The following post was originally published in our Spring 2012 Bulletin. It was written by Bryna Cofrin-Shaw, a graduate of the class of 2010.
20 mph sustained winds and 40 mph gusts twisted the disc through the sky in every direction. With winds strong enough to pick my entire Ultimate Frisbee team off the field, the disc seemed to have a mind of its own, making catching, never mind any semblance of strategy or “flow,” a hard task. It was a difficult day of Ultimate, and even under the warm California sun, my team - Disco Inferno, was growing frustrated. Then, in our fourth and final game, I found myself flinging my body horizontally through the air and landing with the disc firmly in my hands. In Ultimate, we call this “laying out” and while I had slid or tumbled across many fields in the past year and a half to catch a disc, there was quite a difference between these scrappy grabs and a real layout. Laying out wasn’t just jumping or falling any which way; it was its own graceful species. My catch didn’t win us the game; it didn’t even lead to a point, but for the next few days, every time I felt the soreness in my shoulders, I felt a little pride from that moment.
A week before traveling to this windy tournament at Stanford University, my coach had been reviewing proper layout form with our team. He had told us that if we constantly think, “I want to layout,” it will never happen in a game. Instead, we must stop thinking and start feeling only the need to catch the disc, whatever way we can. This was how layouts occurred. I can’t really say that my first legitimate layout was a profound moment in my life; but I can say that the more I pondered my coach’s words, the more I saw how his advice applied to much of my life these days.
When I was asked to write an essay about my own “growth” since leaving SBS, I tried to think of significant moments in the last two years, but my mind kept coming back to the present, to this semester. As a second year student at Brown University, many of my friends are feeling the stress and limbo-lostness of the “sophomore slump,” but I’ve found it hard to relate to these sentiments lately. I believe the growth I’ve undergone is realizing that the reason I’m finally able to throw myself across the field for a disc is the same reason I finally feel completely happy about how I spend my time and energy at college; I’ve stopped over-thinking. I’ve stopped trying to be the “college Bryna” I imagined for myself when I was a student at SBS, and am going after what makes me happy and fits the person I want to be today, instead, while using everything I learned at SBS.
From what I’ve heard, Stoneleigh Burnham is growing in many ways itself these days. I was so excited to hear that SBS placed second in the Green Cup Challenge, and that the school will be represented by Jane Logan in Australia, for debate and public speaking. These are things that make me so proud to be an SBS alumna. The new International Baccalaureate program is a tremendous sign of growth, and along with growing enrollment and changes throughout the school, SBS is moving in an exciting direction. But all of these changes also mean that every time we, as alumnae, come back to visit, this little school may be a little different from the one we remember. A year ago that may have made me nostalgic; today it just makes me excited to see what comes next. Real growth can’t occur without tremendous change, and though I admit I’m a little jealous the IB program didn’t exist when I was a student, I am so excited to see Stoneleigh-Burnham expand and change shape.
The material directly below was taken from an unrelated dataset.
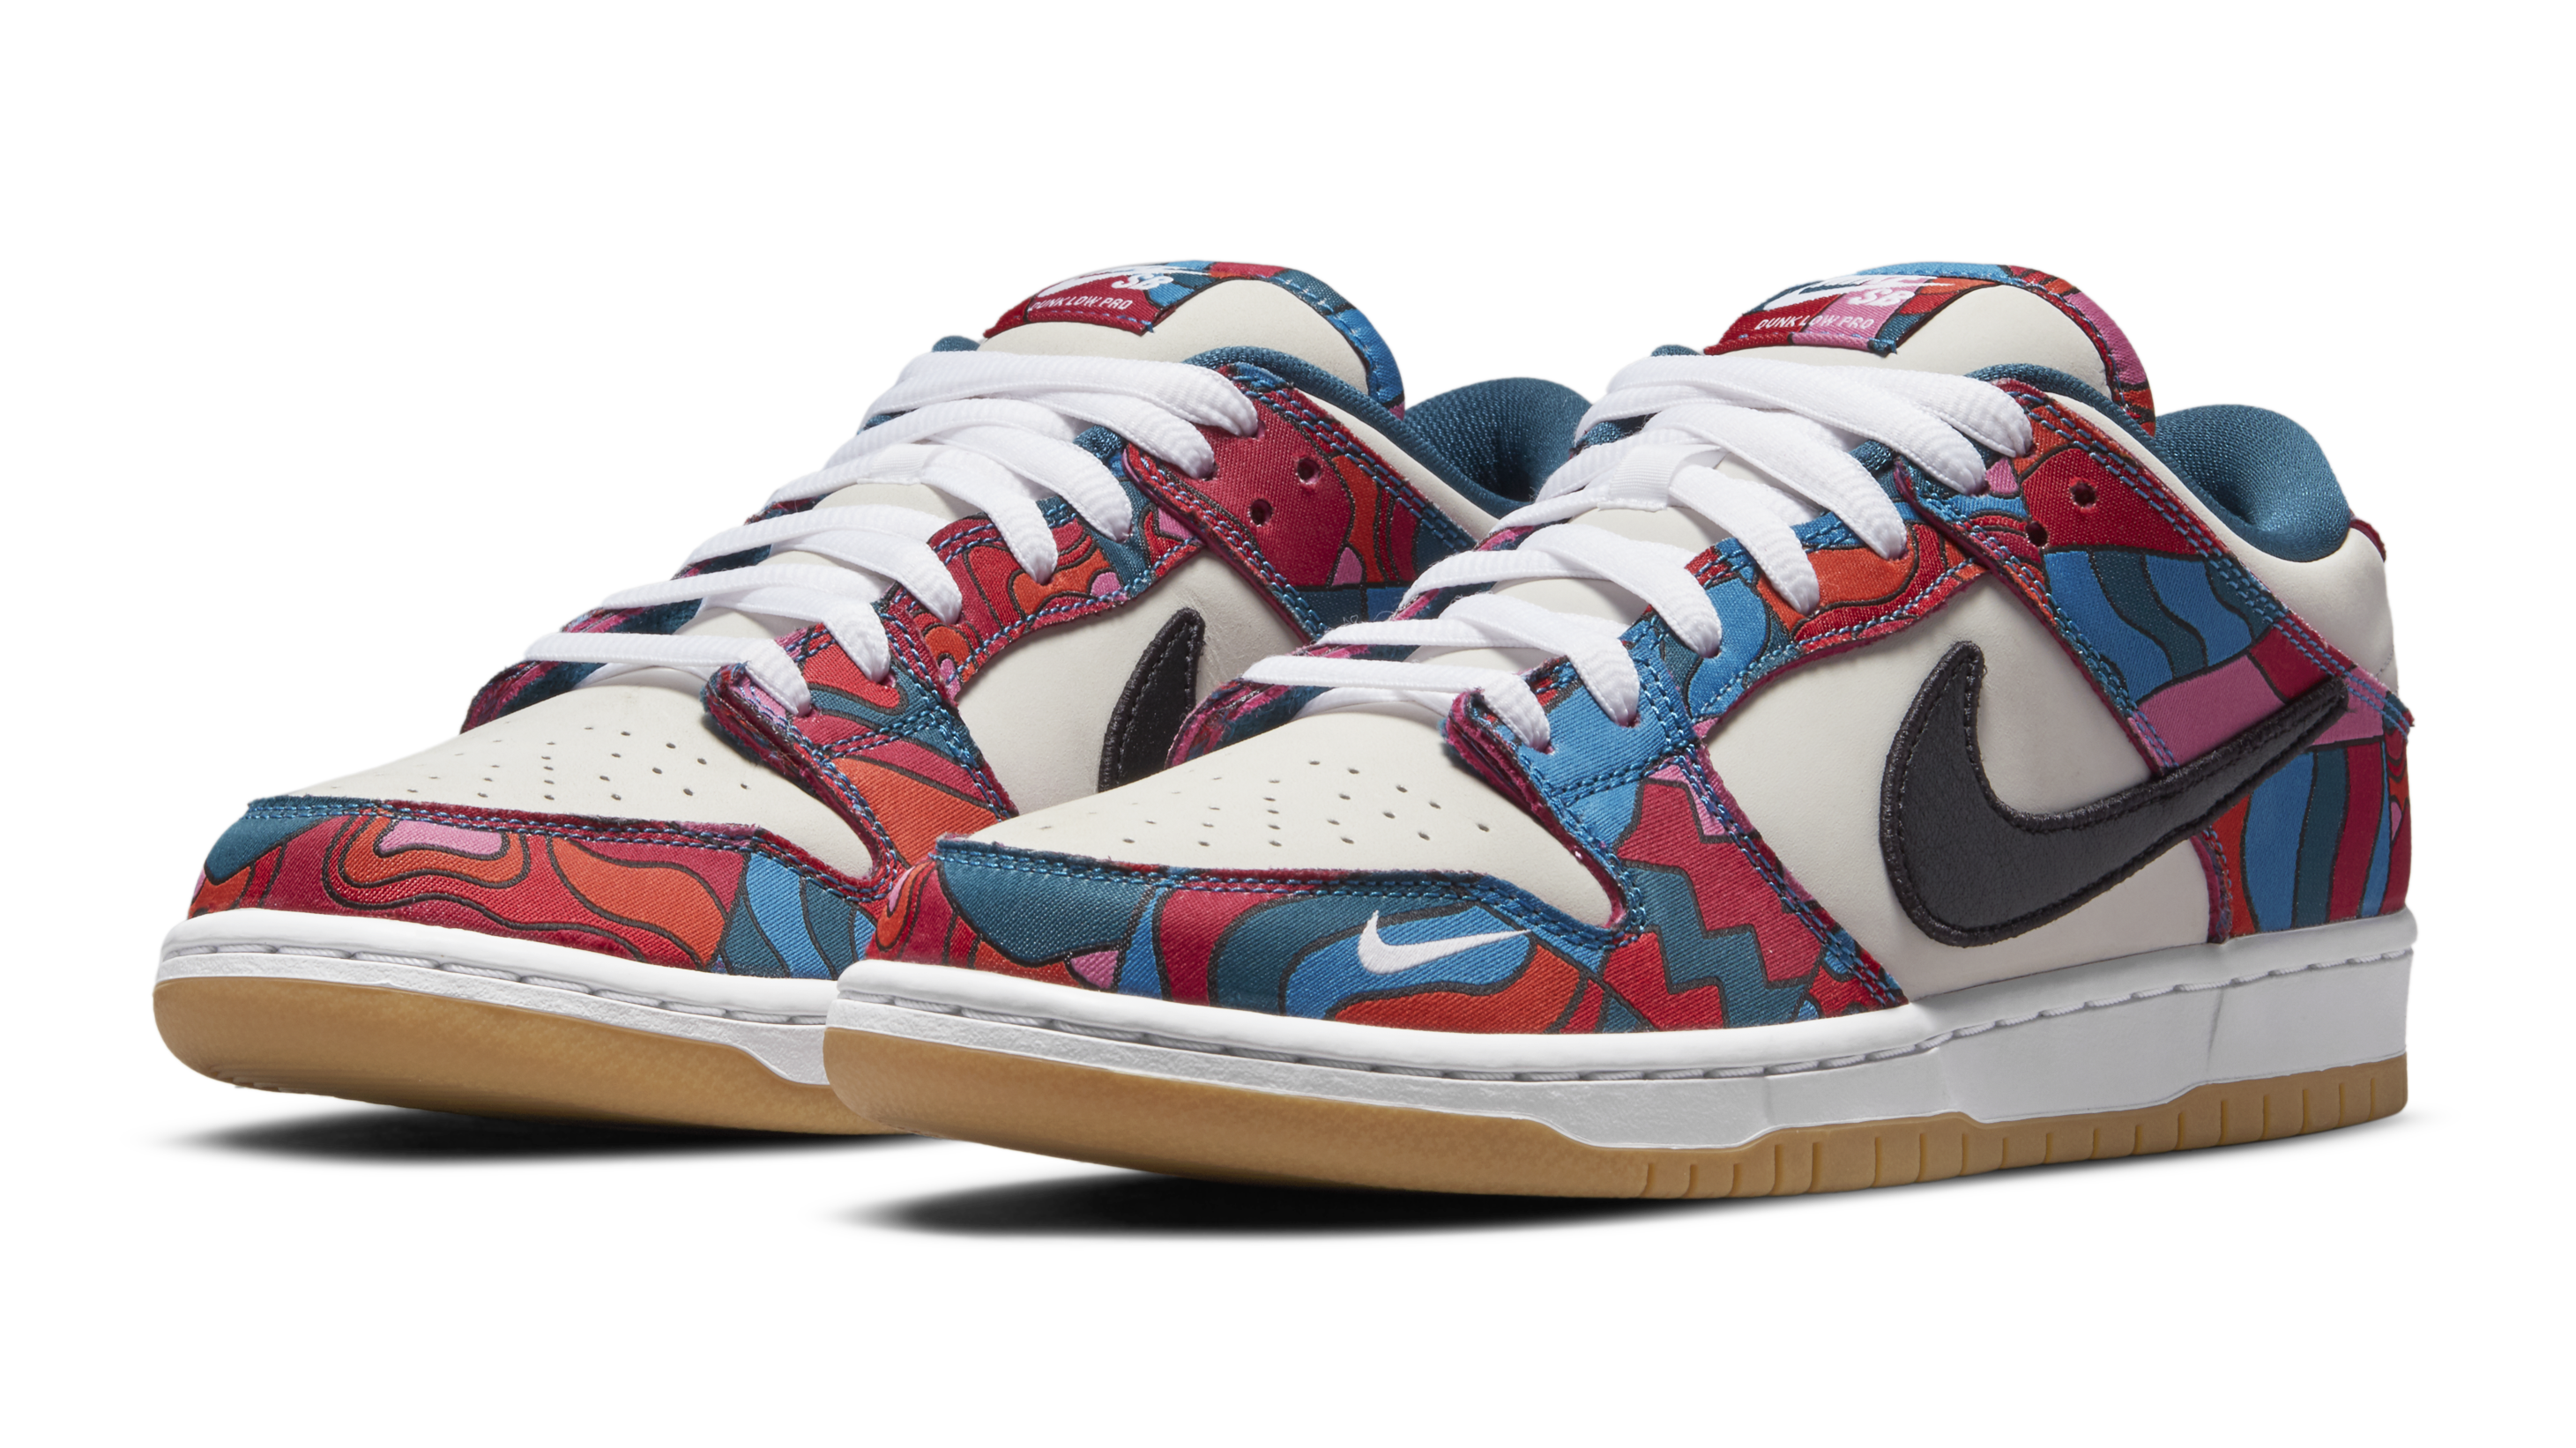 Nike SB Is Releasing Several Dunk Collabs for the Tokyo Olympics

As I said before, the person I am now is very different than the one I imagined for myself two years ago. I thought making a positive impact in the world required that I be a serious person involved in “serious” pursuits. While I am an Environmental Studies concentrator and hope to work in this field, this is the first semester that I’ve given up over-thinking whether I’m doing the “right” things with my time. Outside of class I play Ultimate Frisbee, and though we take the sport seriously, we also wear sparkly “flair” to tournaments, play Zip-Zap-Zop with the other team during halftime, and value the Spirit of the Game more than the score. And these days, when I’m not studying or playing Ultimate, I’m writing and performing sketch comedy in Brown’s troupe Out of Bounds, or writing satire for our all-female comedy blog on campus.
I suppose I’m doing sillier things with my time than I ever imagined. But I’m also happy to see myself becoming someone who can take risks and make leaps without over-thinking exactly where she’ll land. I know I have SBS to thank for much of this, and I can’t wait to be back on campus for graduation, proud to be witnessing all the ways SBS and my fellow alumnae have grown in ways different, and better, than I may have imagined.
Bryna Cofrin-Shaw graduated in 2010. She is a sophomore at Brown University where she is concentrating in Environmental Studies.